**Data**
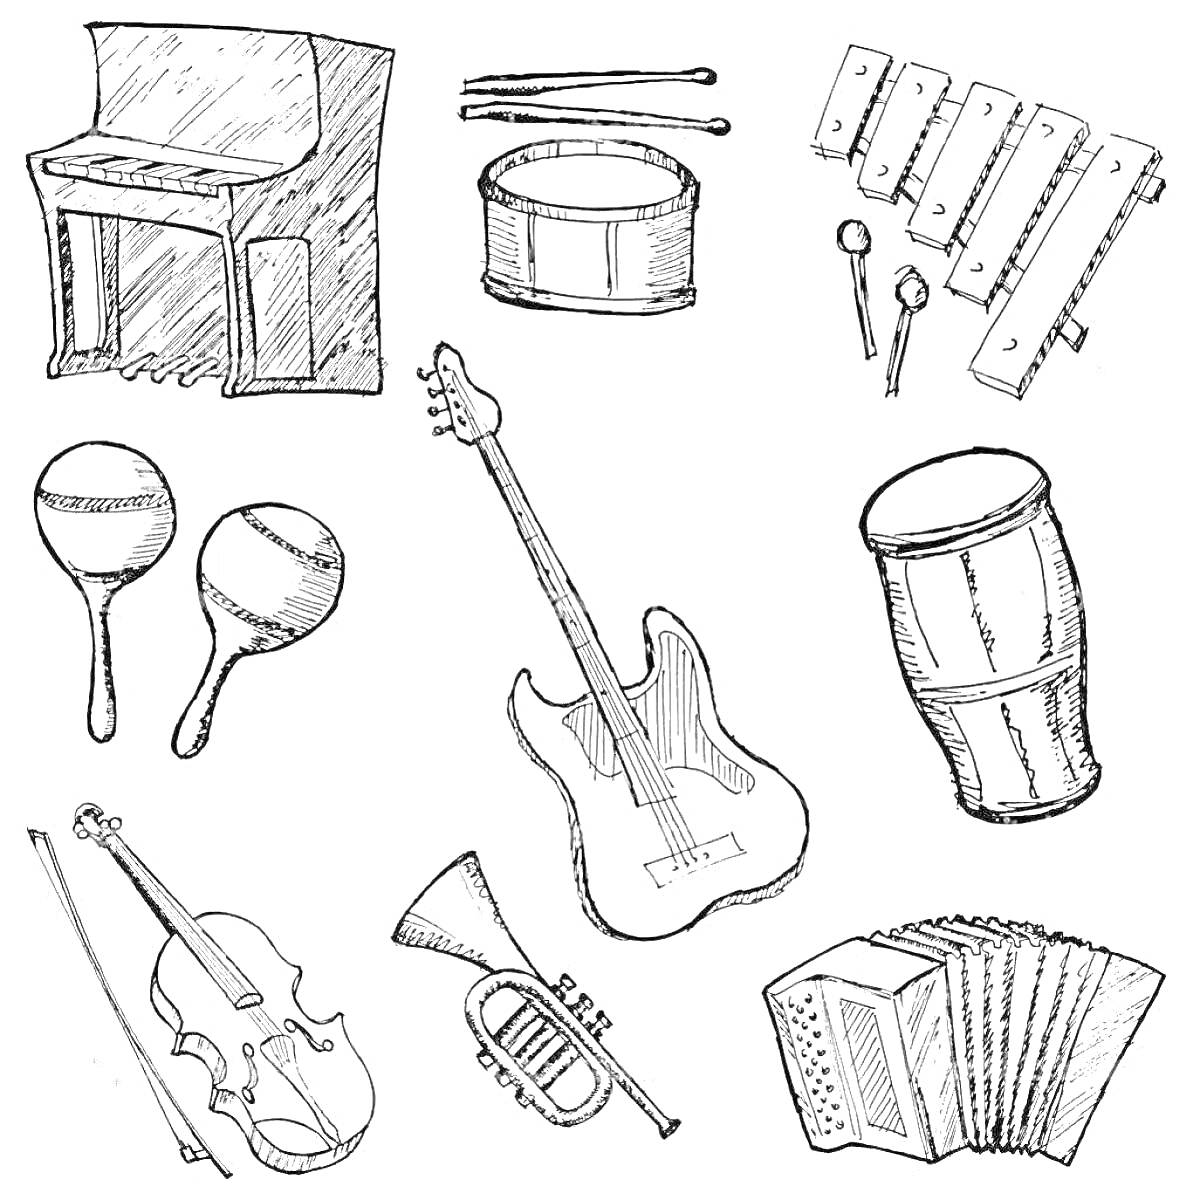 Набор музыкальных инструментов – пианино, барабаны, ксилофон, маракасы, электрогитара, бубен, тромбон, скрипка, аккордеон
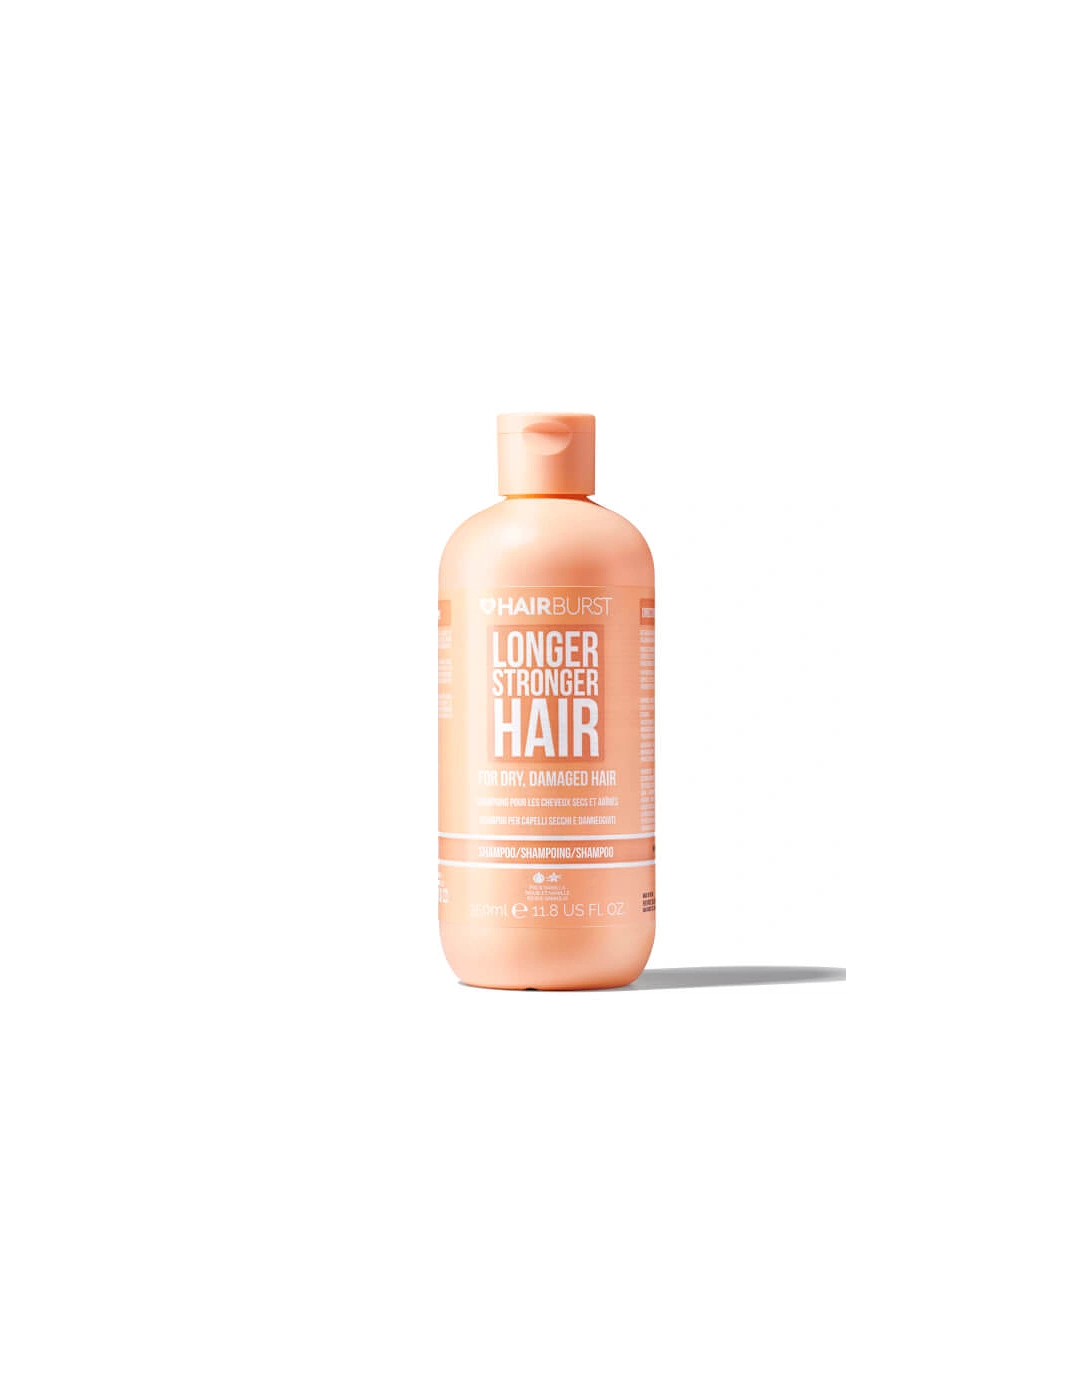 Shampoo for Dry, Damaged Hair 350ml, 2 of 1
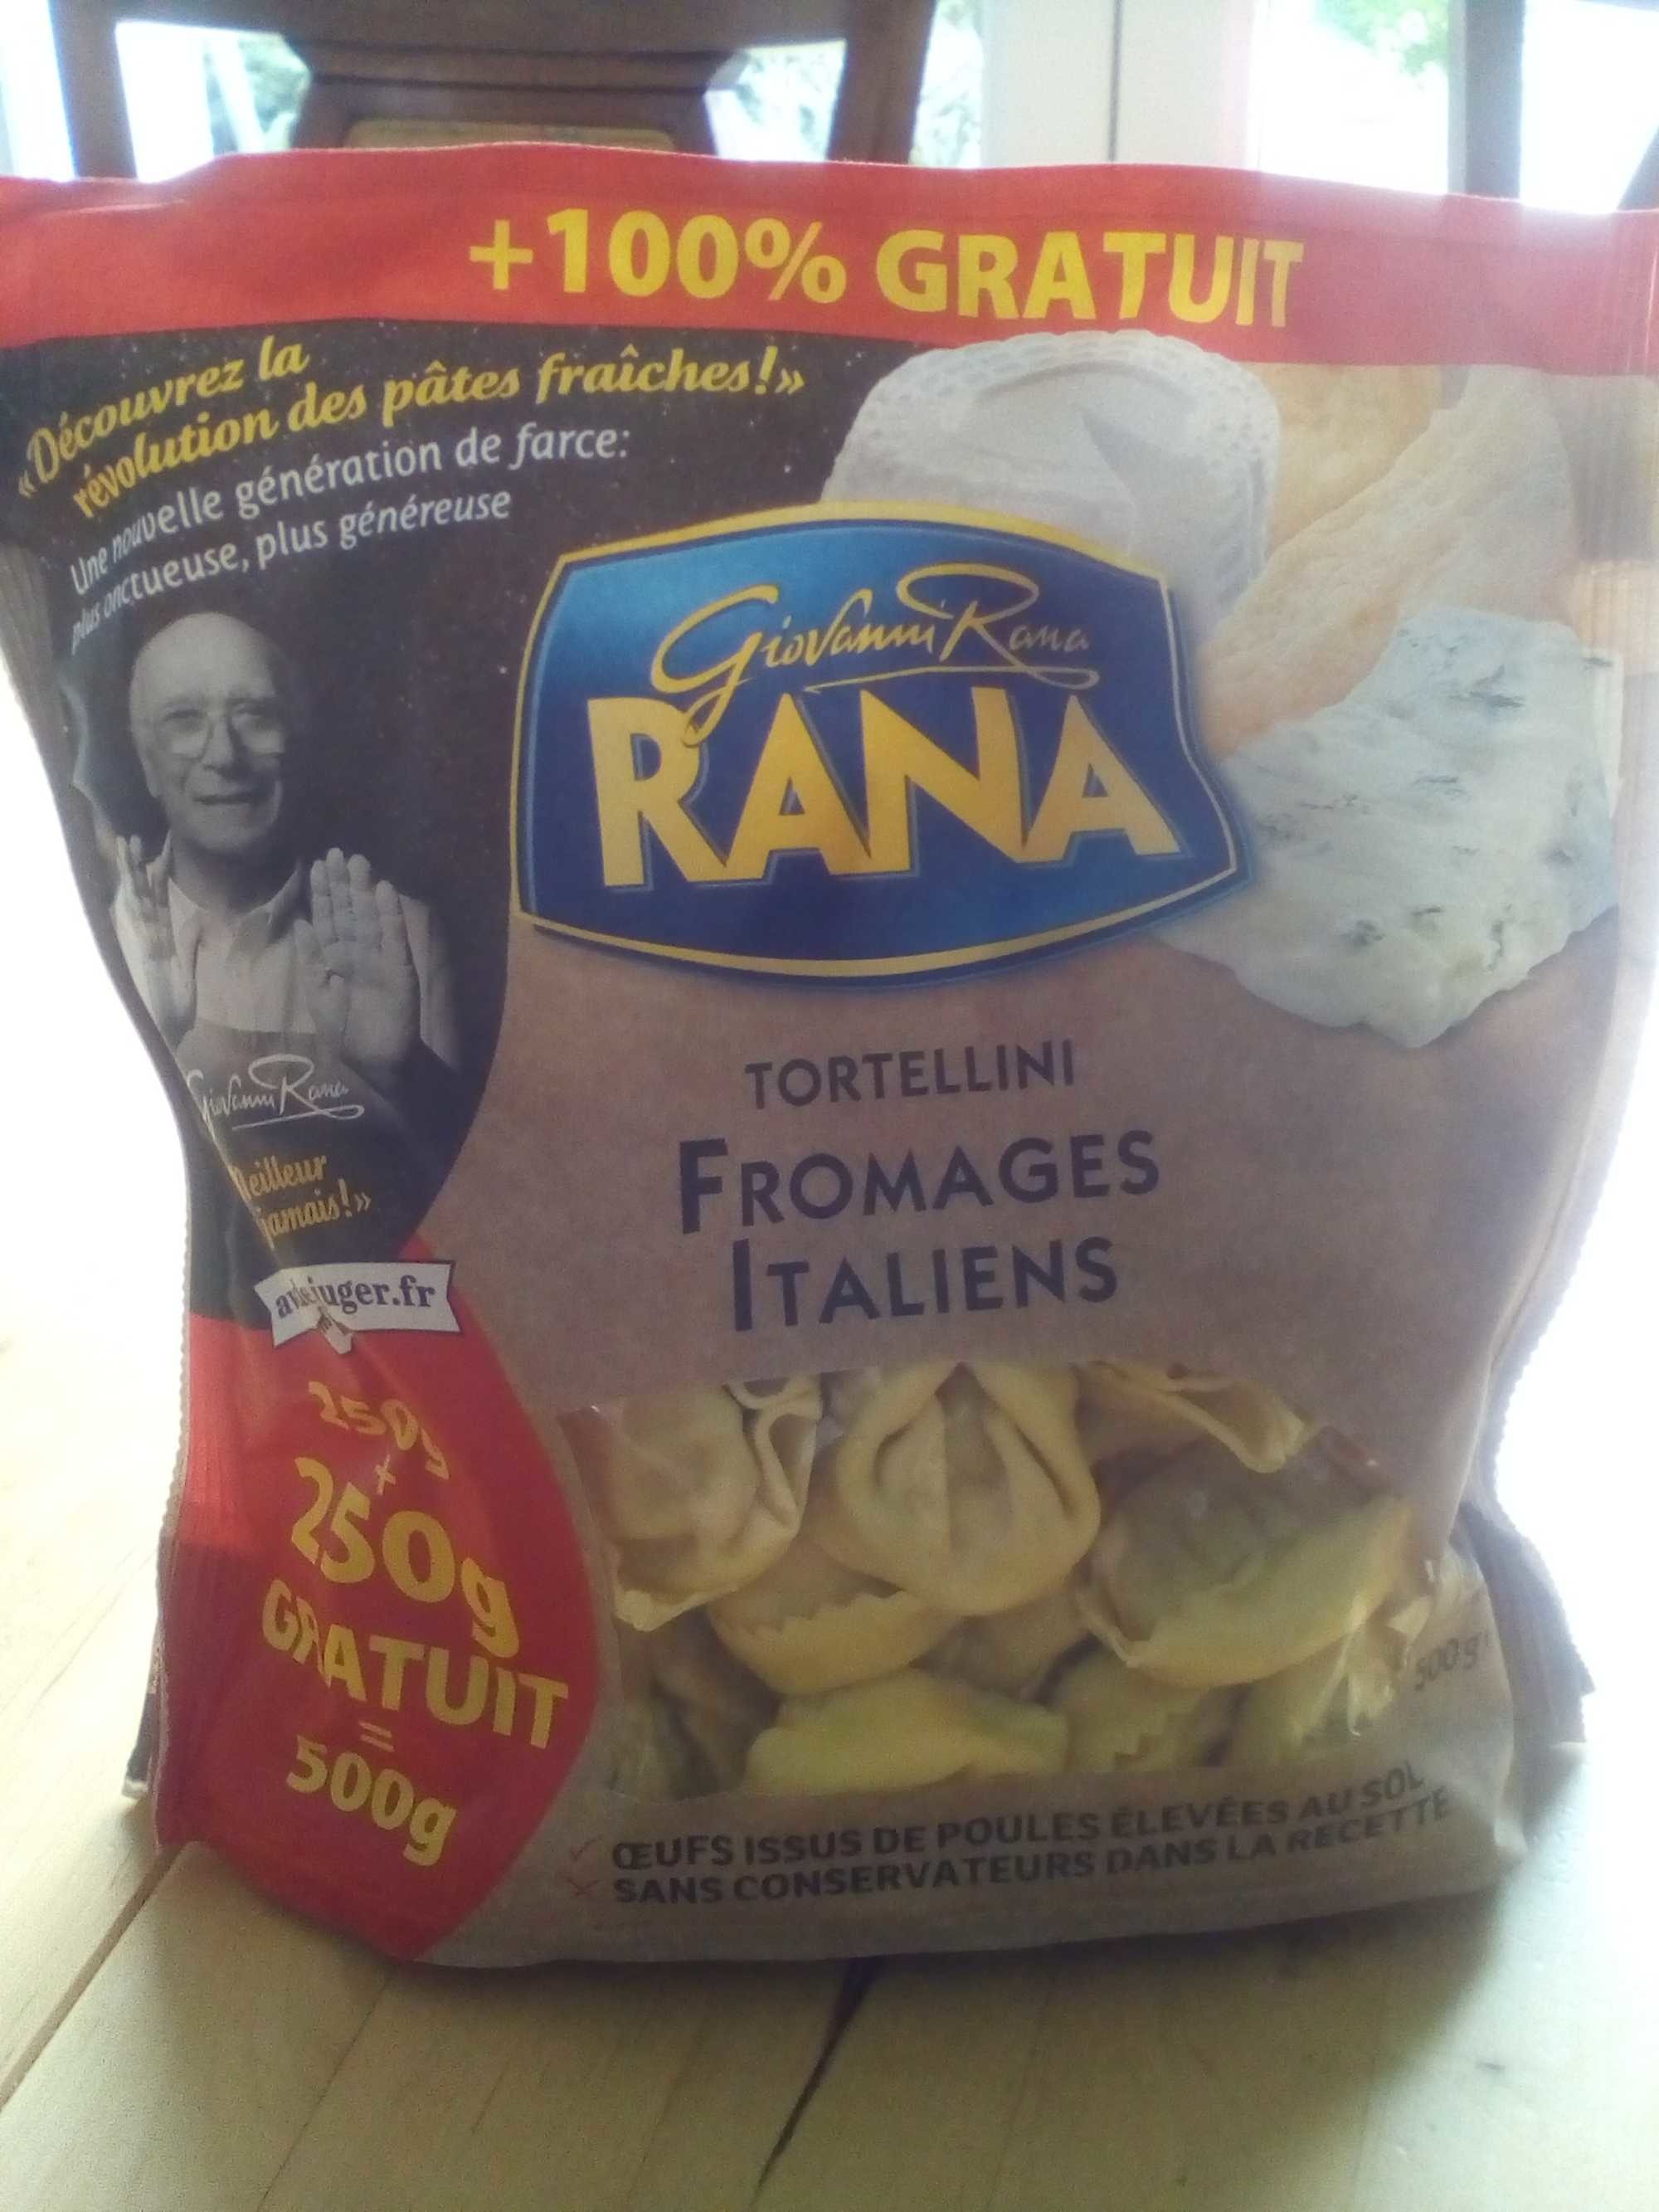 Tortellini fromages italiens - Produkt - fr

**The problem**
Everything in the listing must be restated word for word, except for the pictures.

**Output of the exercise**
 Набор музыкальных инструментов – пианино, барабаны, ксилофон, маракасы, электрогитара, бубен, тромбон, скрипка, аккордеон
 Shampoo for Dry, Damaged Hair 350ml, 2 of 1
 Tortellini fromages italiens - Produkt - fr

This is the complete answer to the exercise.